Central Bank Communication Strategy and Tools#
Communication Strategy and Tools for the Central Bank of Cambodia
Background#
Cambodia, a highly dollarized economy, faces significant constraints in implementing independent monetary policy. Despite the expansion of the use of its national currency, the Riel, based on high growth in the 2000s, the Central Bank of Cambodia (National Bank of Cambodia, NBC) is challenged by the underdevelopment of its financial market, making it difficult to possess modern monetary policy tools.
In a situation where market mechanisms for monetary policy are insufficient, it is even more urgent to build appropriate monetary policy communication tools and strategies than in economies with advanced monetary policy tools. This is crucial to minimize policy uncertainty that may arise in the process of de-dollarization and modernization of monetary policy implementation.
Scope of the Proposal#
This proposal aims to:
Summarize and evaluate the development process and effectiveness of monetary policy communication tools and strategies in the Korean economy.
Based on the analysis of Korea’s experience, propose effective monetary policy communication tools and strategies for Cambodia, considering its stage of economic development.
Evaluate the current communication strategies and effects of the NBC in the unique Cambodian monetary policy environment of dollarization, and propose alternatives.
Characteristics and Direction of the Proposal#
Our research team brings a wealth of experience, including careers at the Bank of Korea and policy analysis projects. We plan to go beyond traditional analysis methods and utilize text mining and machine learning techniques optimal for analyzing communication effects.
Central bank communication, once a discretionary policy tool, has recently been recognized as a necessary policy tool [Haldane et al., 2020] and needs to be widely conducted for the general public [Blinder et al., 2008]. Communication with the general public requires 3E (Education, Explanation, and Engagement), which means explaining the current situation to the public and building trust by fulfilling what has been conveyed.
To meet these conditions, it is necessary to check in advance and after how much the communication implemented by the central bank as a policy tool can be understood and conveyed to the public. This check system can be built by measuring the tone using text mining and checking the impact of the tone on the financial and foreign exchange markets.
Lee et al. [2019] built a sentiment lexicon that can analyze the tone of the minutes of the Monetary Policy Committee of the Bank of Korea, revealing that the tone of the minutes has predictive power for policy interest rates. They also found that the tone index significantly affects stock and bond market price variables.

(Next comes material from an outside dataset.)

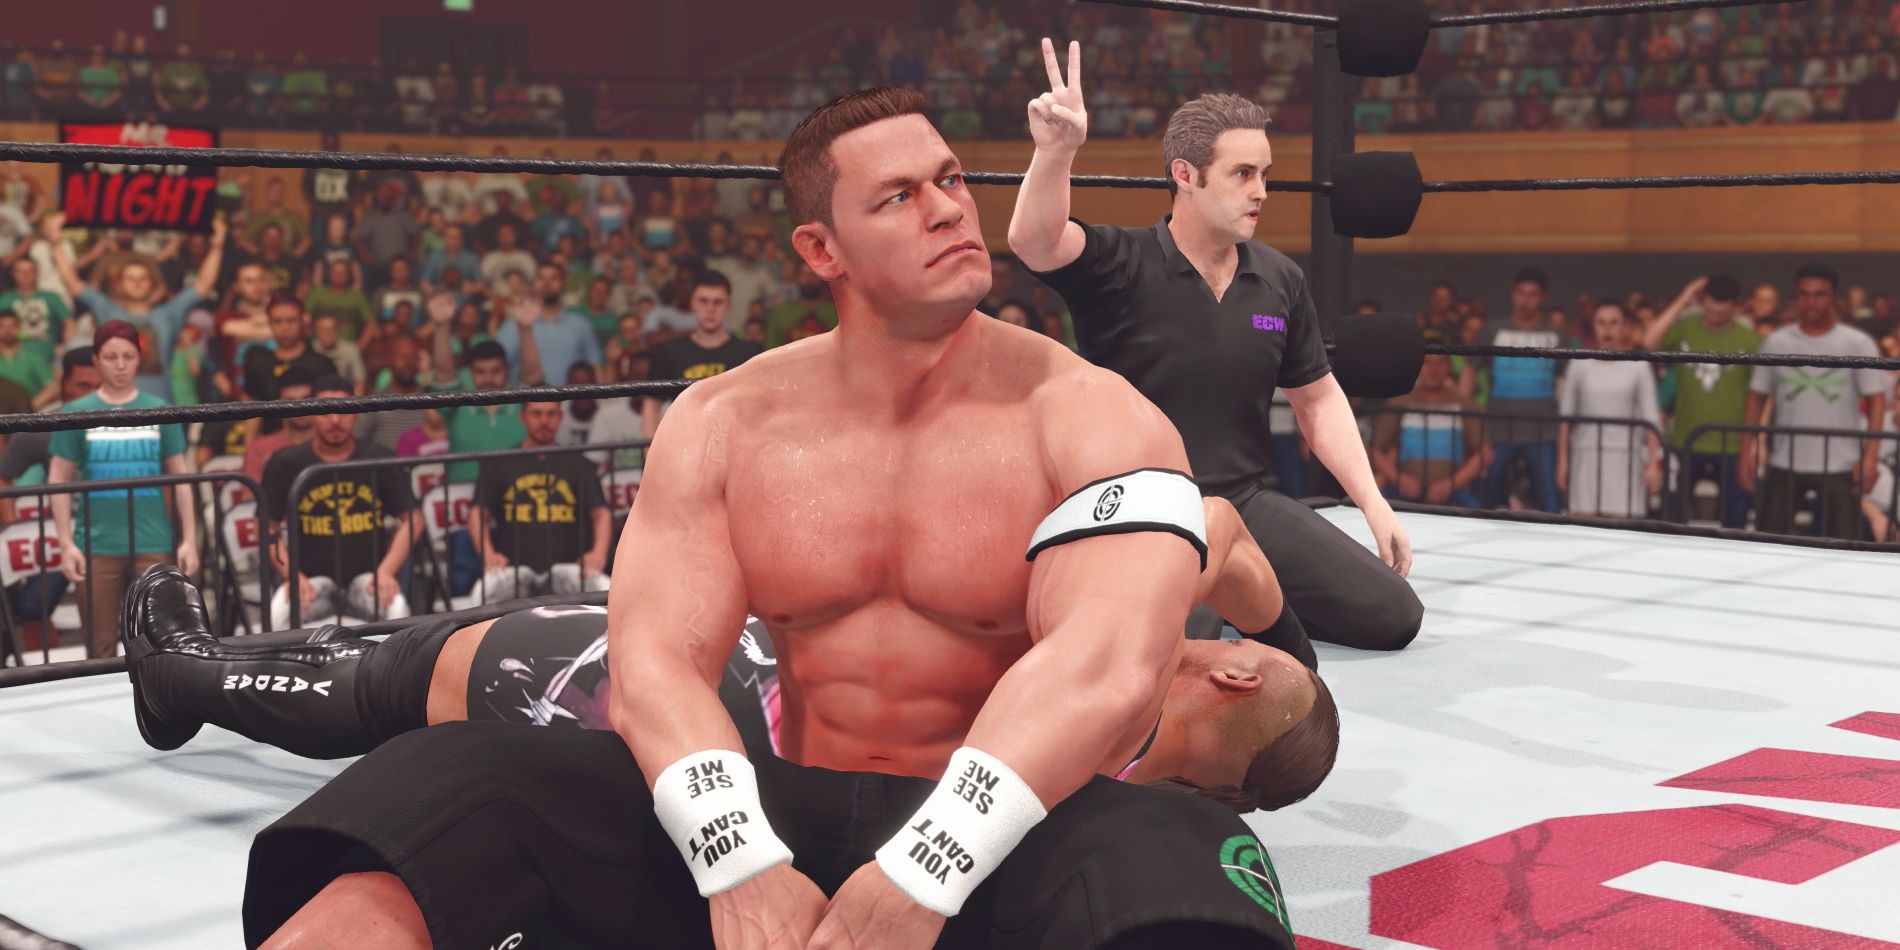 Le lutteur John Cena semble déçu alors qu'il est sur le ring avec RVD après que son adversaire ait échappé à une quille au compte de deux.  L'arbitre est vu tenant deux doigts en arrière-plan.
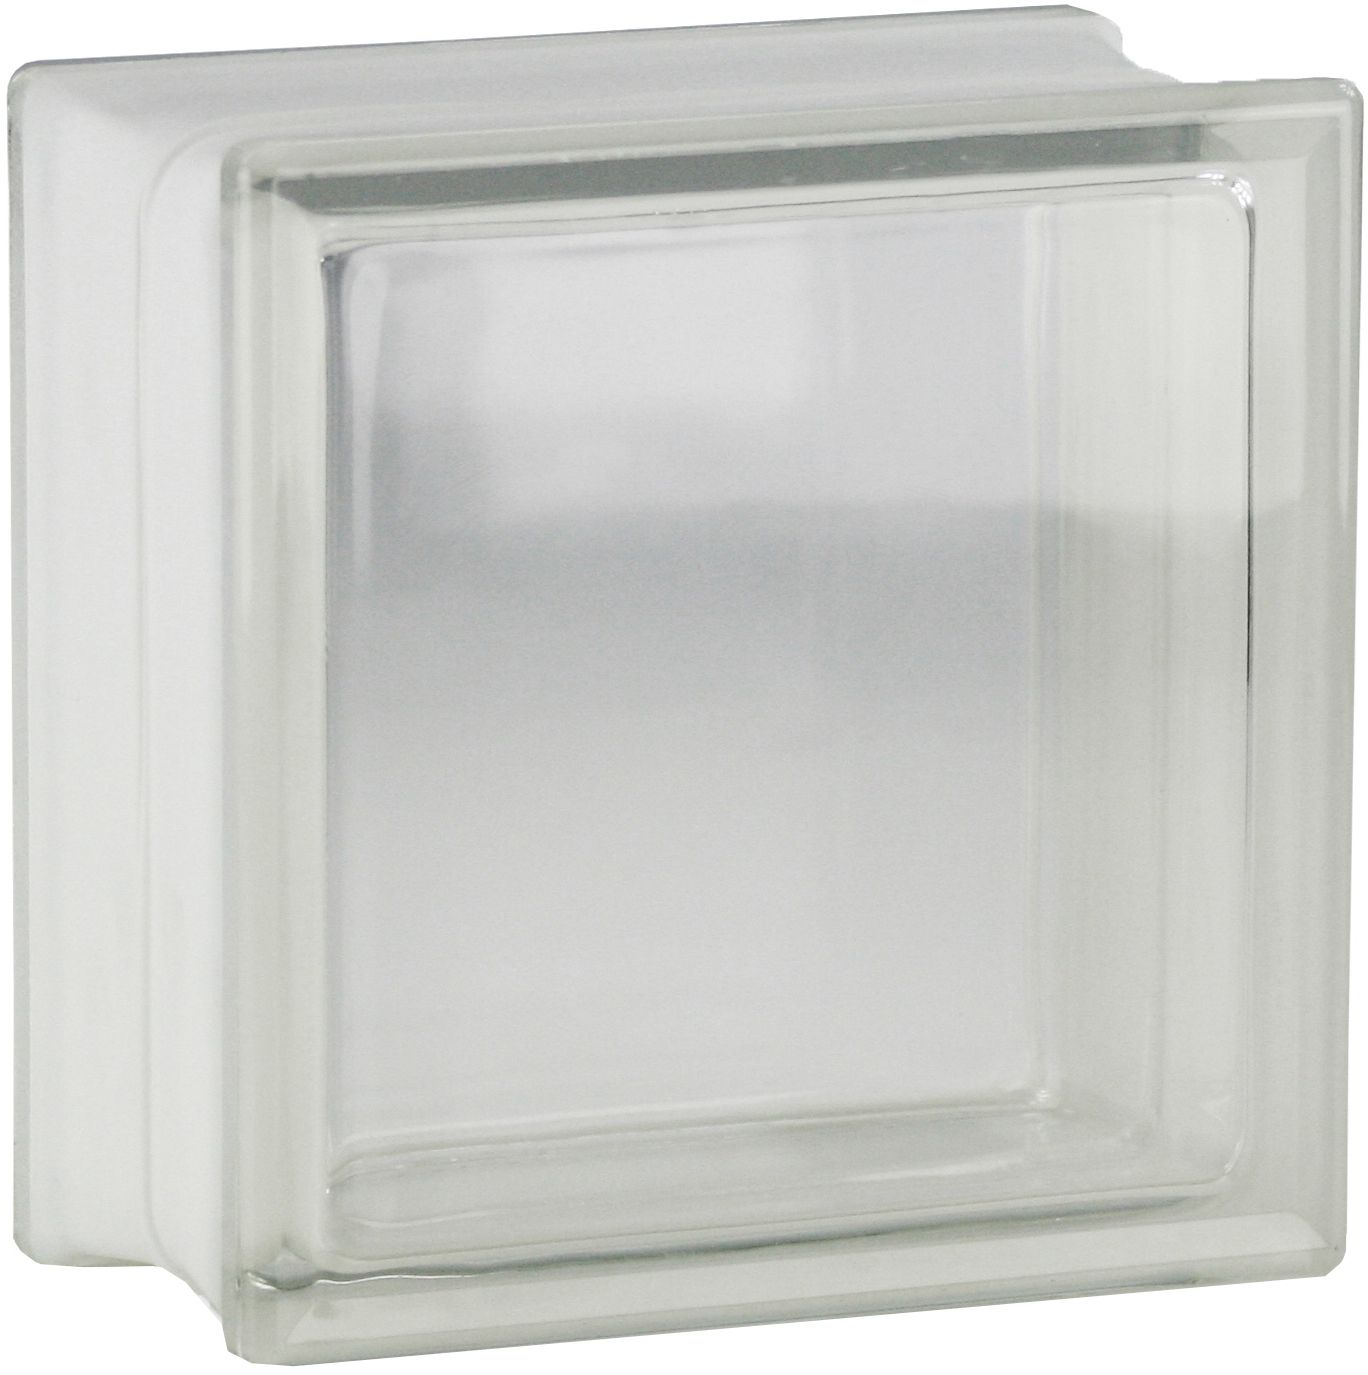 Design Glasbaustein Vollsicht weiß 1-seitig satiniert 19x19x10 cm

We propose to build a sentiment lexicon using past communication materials and related articles from the Central Bank of Cambodia. With the recent development of large artificial intelligence language models, it is possible to build a sentiment lexicon with significantly improved accuracy and precision compared to the past. We plan to use the Low Resource Language Model to build a Khmer sentiment lexicon.
Furthermore, we propose to build a system for external communication using Generative AI, such as the currently developing and starting to be distributed GPT-4. This is expected to enhance external communication capabilities and contribute to stabilizing the foreign exchange and financial markets to achieve the policy goal of de-dollarization.
References#
Alan S Blinder, Michael Ehrmann, Marcel Fratzscher, Jakob De Haan, and David-jan Jansen. Central bank communication and monetary policy: a survey of theory and evidence. Journal of economic literature, 46(4):910–945, 2008.
Andrew Haldane, Alistair Macaulay, and Michael Mcmahon. The 3 e's of central bank communication with the public. Available at SSRN 3518605, 2020.
Young Joon Lee, Soohyon Kim, and Ki Young Park. Deciphering monetary policy board minutes with text mining: the case of south korea. Korean Economic Review, 35(2):471–511, 2019.